You can easily compare across categorical labels, as well.

In [9]:

iris = sns.load_dataset("iris")
g = sns.PairGrid(iris)
g.map(plt.scatter)

PCA -¶

We can ask which features explain the most variance in the samples data.

These features may be most useful for distriminating between flower types.

In [10]:

d_pca=d[['s_l','s_w','p_l','p_w']]

In [11]:

sns.jointplot(d_pca['s_l'],d_pca['s_w'])

Out[11]:

<seaborn.axisgrid.JointGrid at 0x10d062dd0>

Normalize by z-score, giving each feature $\mu=0$, $\sigma^2=1$.

In [12]:

X_1=np.subtract(d_pca,d_pca.mean(axis=0))
X_2=np.divide(X_1,X_1.std(axis=0))

Now, the means are zero and the data have the same variance across features.

We can see this.

In [13]:

sns.jointplot(X_2['s_l'],X_2['s_w'])

Out[13]:

<seaborn.axisgrid.JointGrid at 0x10b9681d0>

Next, we apply PCA. This simply compresses the data into a smaller number of features or axes.

The axes are just the princical eigenvectors of the covarance matrix.

Variance of the data is maximized along the first principal component.

The coefficients (loadings) tell us the degree to which each feature contribute to defining this direction of greatest variance:

Features with loadings close to zero play little role.
Features with largeer, non-zero loadings strongly define this direction of highest variance (and may be useful for classification).

In [14]:

from sklearn.decomposition import PCA
n_comp = 2
pca = PCA(n_components=n_comp)
X_t = pca.fit(X_2).transform(X_2)

We can plot along our categories.

In [15]:

ix=np.array(d['name'])
l=list(set(d['name']))
colors=['r','g','b']      
for i,c in zip(l,colors):
    plt.scatter(X_t[ix==i,0],X_t[ix==i,1],color=c,edgecolor="white",s=50,lw=1,label=i)
plt.legend(loc='upper left',scatterpoints=1,prop={'size':8})

Out[15]:

<matplotlib.legend.Legend at 0x10db96190>

From above, we can that PCA is also a nice way to "cluster" the data.

In the below, we also see each feature seems to conribute to PC1 and PC2.

In [16]:

loadings = pca.components_
print loadings

[[ 0.52237162 -0.26335492  0.58125401  0.56561105]
 [-0.37231836 -0.92555649 -0.02109478 -0.06541577]]

Pre-processing -¶

Note that we can do a few different kinds of pre-processing on the data.

It is often useful to standardize features by removing the mean and scaling to unit variance:

Standardization of a dataset is a common requirement for many machine learning estimators.
If a feature has a variance that is orders of magnitude larger that others, it might dominate the objective function.
This make the estimator unable to learn from other features correctly as expected.

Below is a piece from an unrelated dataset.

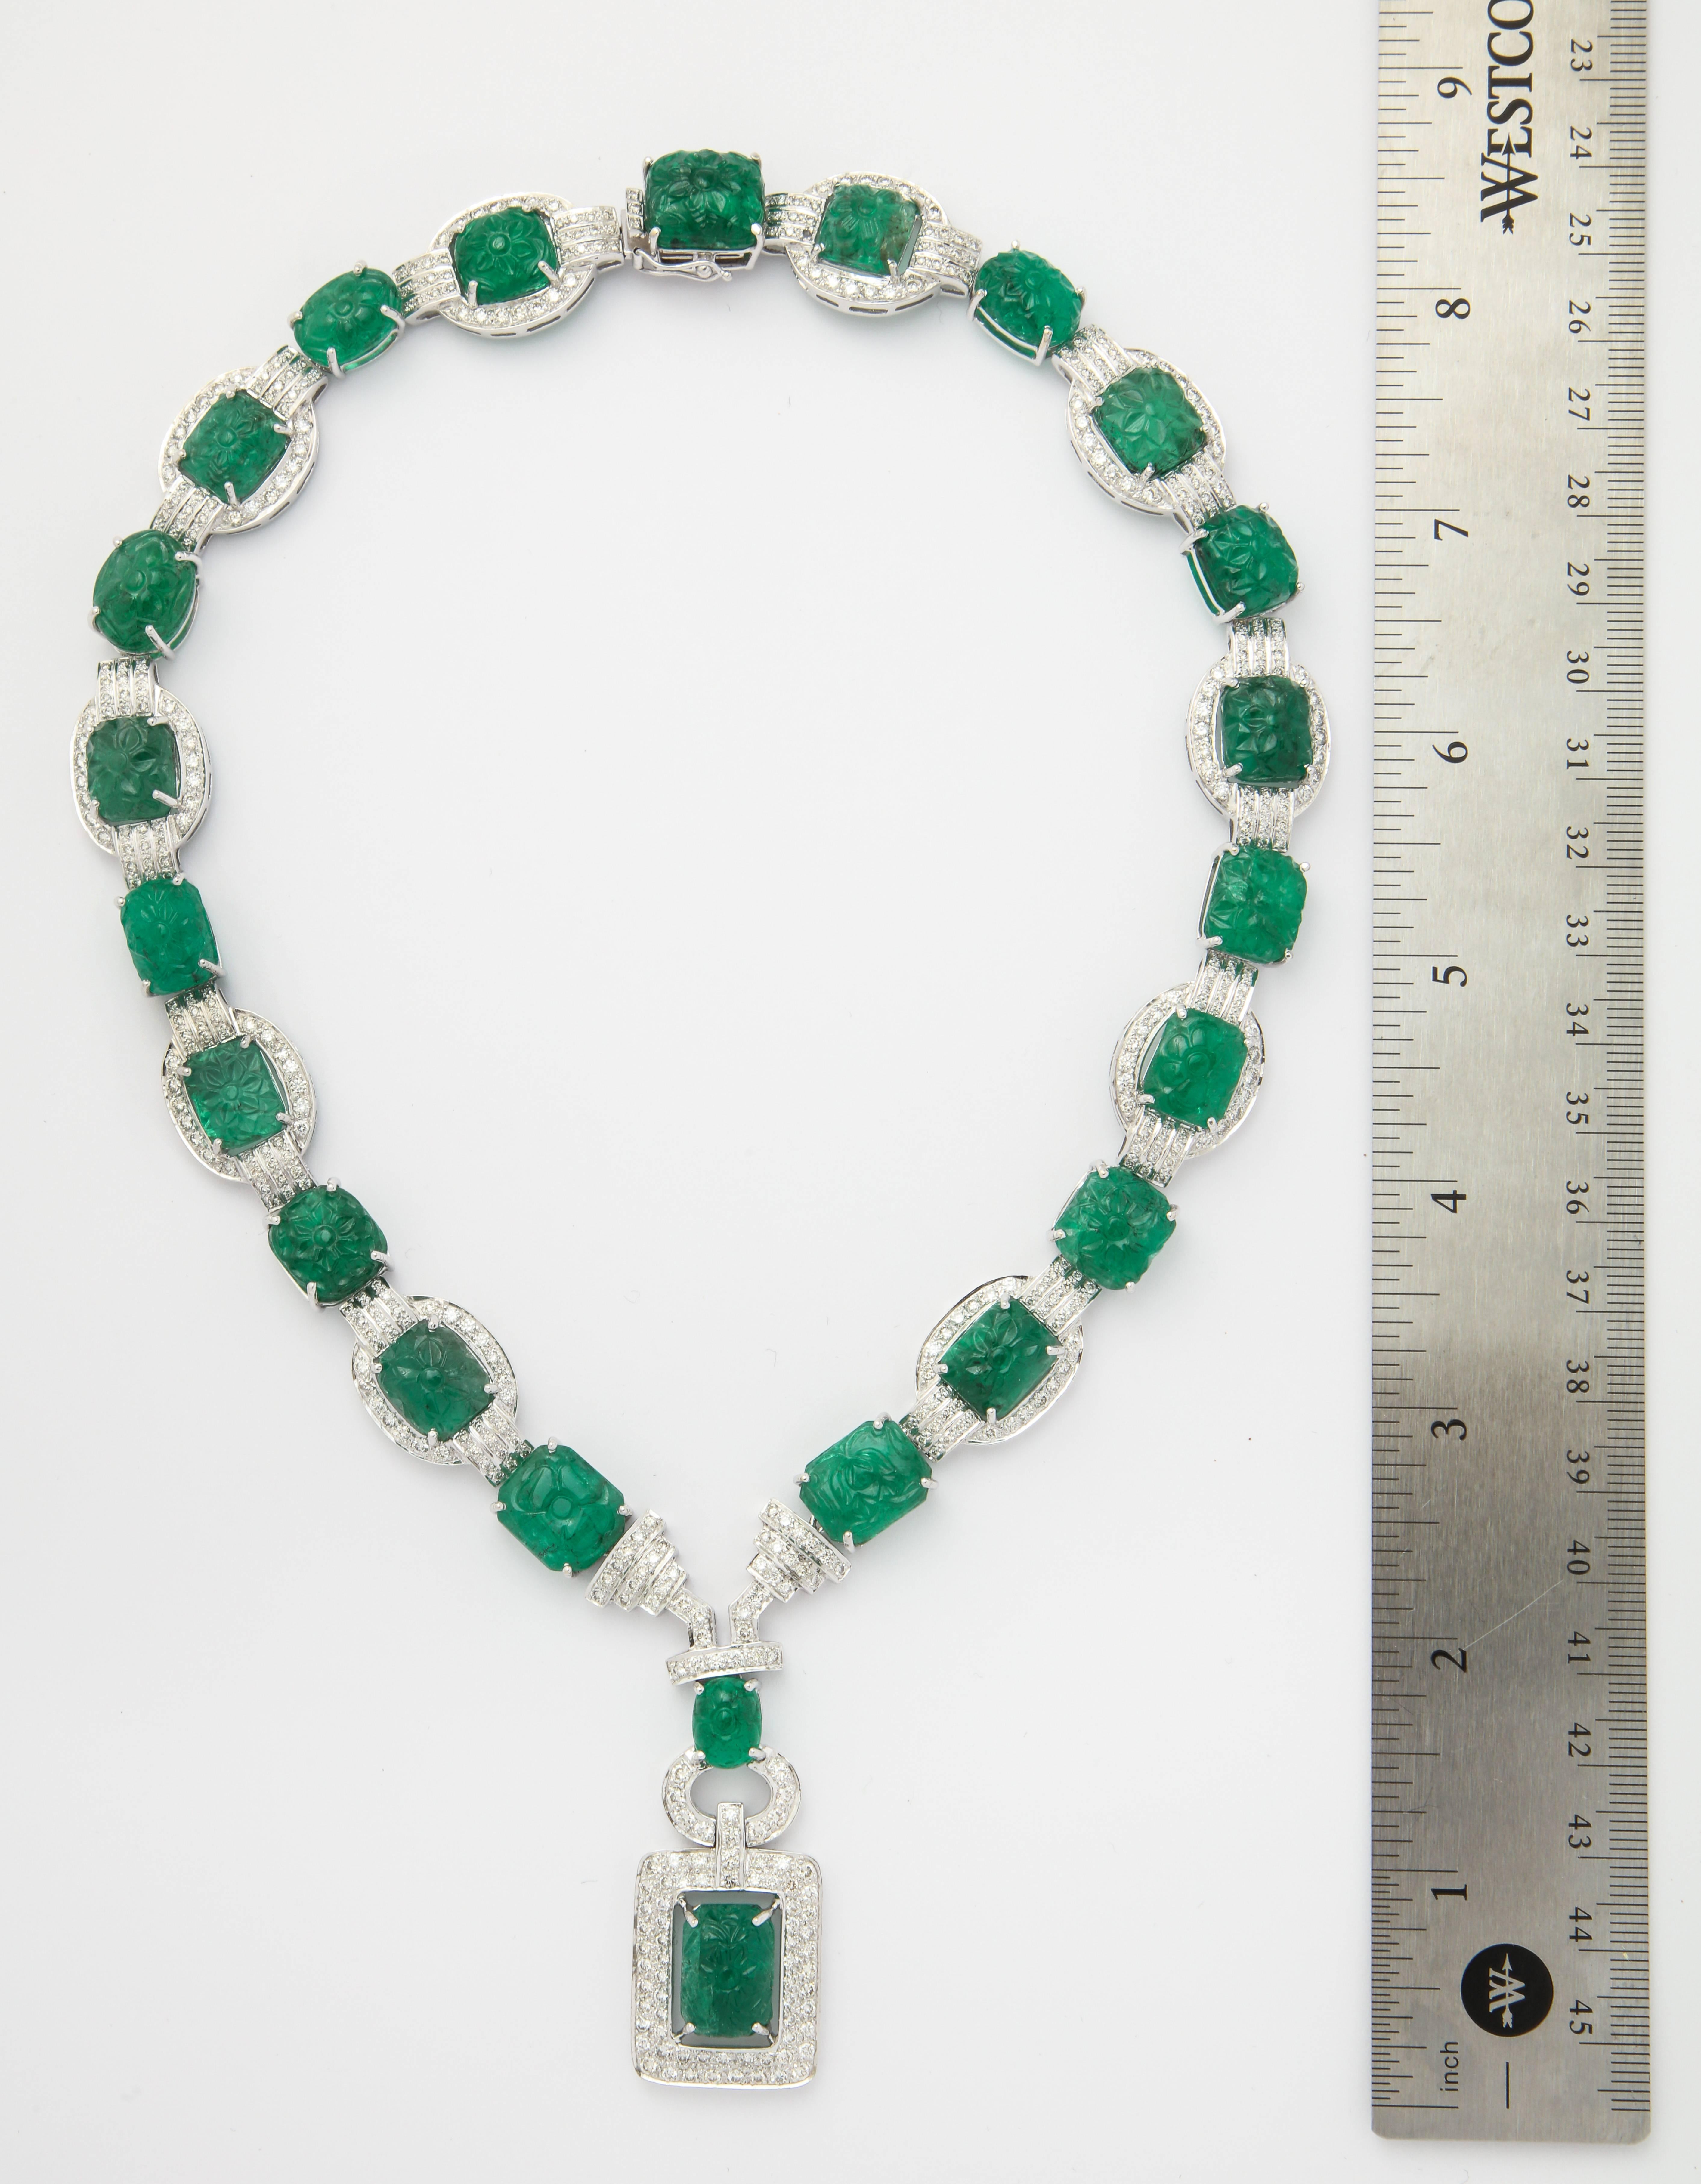 A very rare collection of matching carved emeralds set in a beautiful diamond necklace.

http://scikit-learn.org/stable/modules/generated/sklearn.preprocessing.StandardScaler.html

Feature engineering -¶

Note that we can use PCA, as shown above, to reduce dimensionality.

Pipeline -¶

Here are some classification pipelines that we can use, which have different modes of classification.

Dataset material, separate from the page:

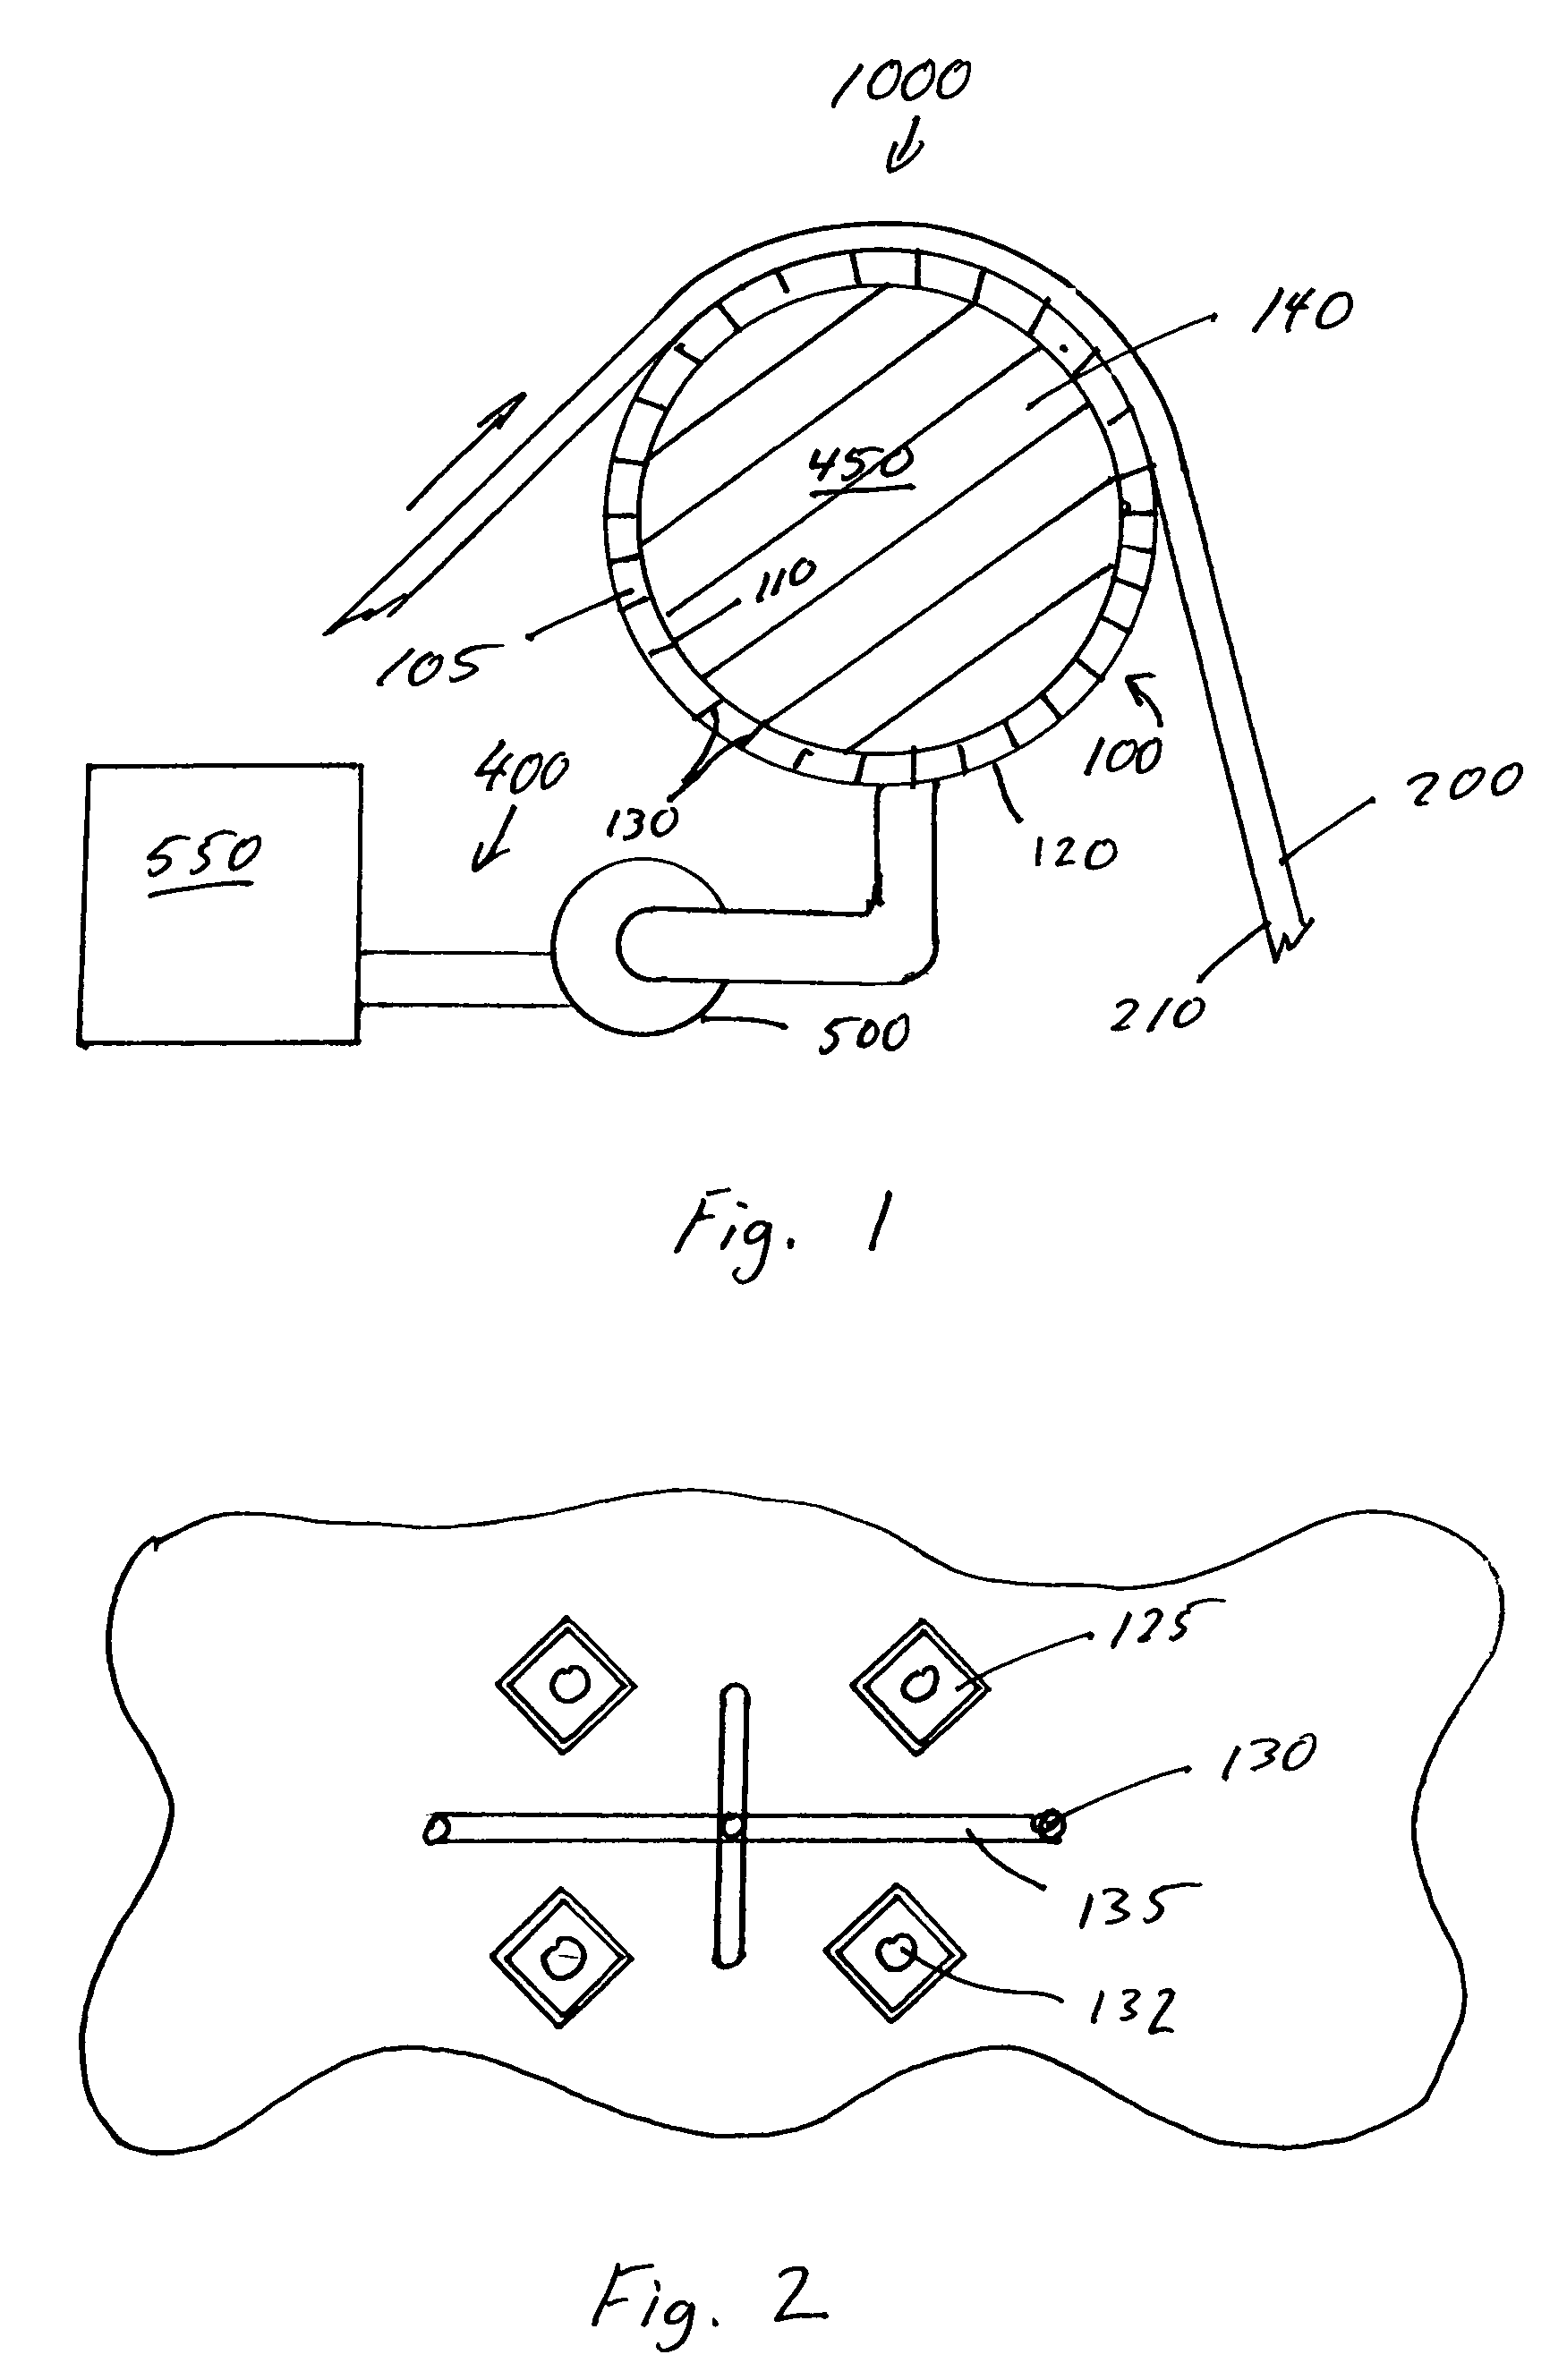 Apparatus and method for the transfer of a fluid to a moving web material

In the multiclass case for Logistic Regression, the training algorithm uses a one-vs.-all (OvA) scheme, rather than the “true” multinomial LR.

http://scikit-learn.org/stable/modules/generated/sklearn.linear_model.LogisticRegression.html

In [17]:

from sklearn.cross_validation import cross_val_score, KFold
from sklearn.pipeline import Pipeline
from sklearn.naive_bayes import GaussianNB
from sklearn.linear_model import LogisticRegression
from sklearn.preprocessing import StandardScaler
from scipy.stats import sem
from sklearn import svm
from sklearn.ensemble import RandomForestClassifier

clf_nb_simple = Pipeline(steps=[        
    ('classifier', GaussianNB())   
    ])

clf_nb_all = Pipeline(steps=[
    ('scaler', StandardScaler()),           
    ('classifier', GaussianNB())   
    ])

clf_nb_pca = Pipeline(steps=[
    ('scaler', StandardScaler()),    
    ('reduce_dim', PCA(n_components=2)),
    ('classifier', GaussianNB())   
    ])

clf_lr_simple = Pipeline(steps=[  
    ('classifier', LogisticRegression())   
    ])

clf_lr_pca = Pipeline(steps=[
    ('reduce_dim', PCA(n_components=2)),
    ('classifier', LogisticRegression())   
    ])

clf_svm_linear = Pipeline(steps=[
    ('classifier', svm.SVC(kernel='linear',C=1.0))   
    ])

clf_svm_poly = Pipeline(steps=[
    ('classifier', svm.SVC(kernel='poly',C=1.0))   
    ])

clf_rf = Pipeline(steps=[
    ('classifier', RandomForestClassifier(n_estimators=30))   
    ])

Cross-validation for each pipeline -¶

Here is a funtion we an use to perform $k-fold$ cross validation for each pipeline.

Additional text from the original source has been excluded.